The Annual Ordinary General Meeting approves the total remuneration for members of the Board of Directors (executive and non-executive) for their participation on the Board as well as to the Board’s Committees after being proposed to the Board of Directors with the agreement of the Board’s Remuneration and Planning Committee.
For senior level executives, the assessment is conducted annually based on KPIs which links the company’s goals and performance to the executives’ goals on issues such as sustainable development (safety, environment, etc) with a 20% weighting factor.
A percentage of executives’ remuneration also concerns health, safety and environmental issues (depending on the area of employment).
Regarding the members of Diaxon's Board of Directors (including the CEO), seven of the 5 members are HELPE executives, and are remunerated based on HELPE Group’s relevant policy.
The Chairman of the BoD is not a senior executive of HELPE and is remunerated on the basis of the relative contract between the company and the Chairman.
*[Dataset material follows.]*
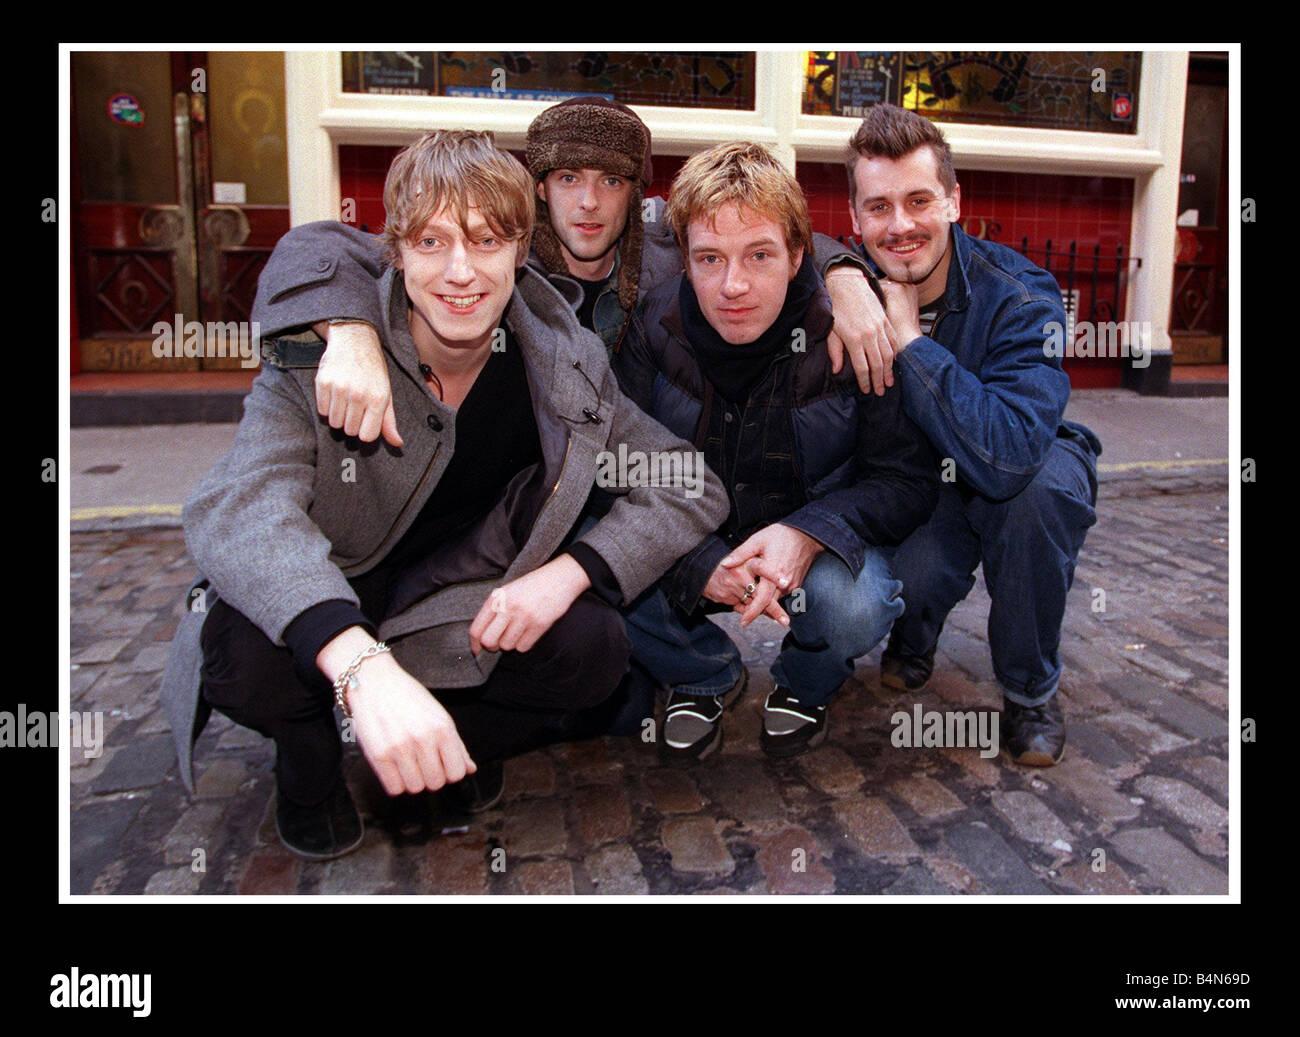 Travis October 1999 at the Horseshoe bar Glasgow Stock Photo

One BoD member does not work at HELPE and is remunerated in the same way as the members of the Board working at HELPE.
With regard to Diaxon’s executives:
HELPE BoD members (CEO included) are senior management staff of HELPE and their remuneration is in accordance with the relevant policy of the Group.
ASPROFOS
The remuneration of the members of the Board of Directors is determined by the General Meeting of Shareholders.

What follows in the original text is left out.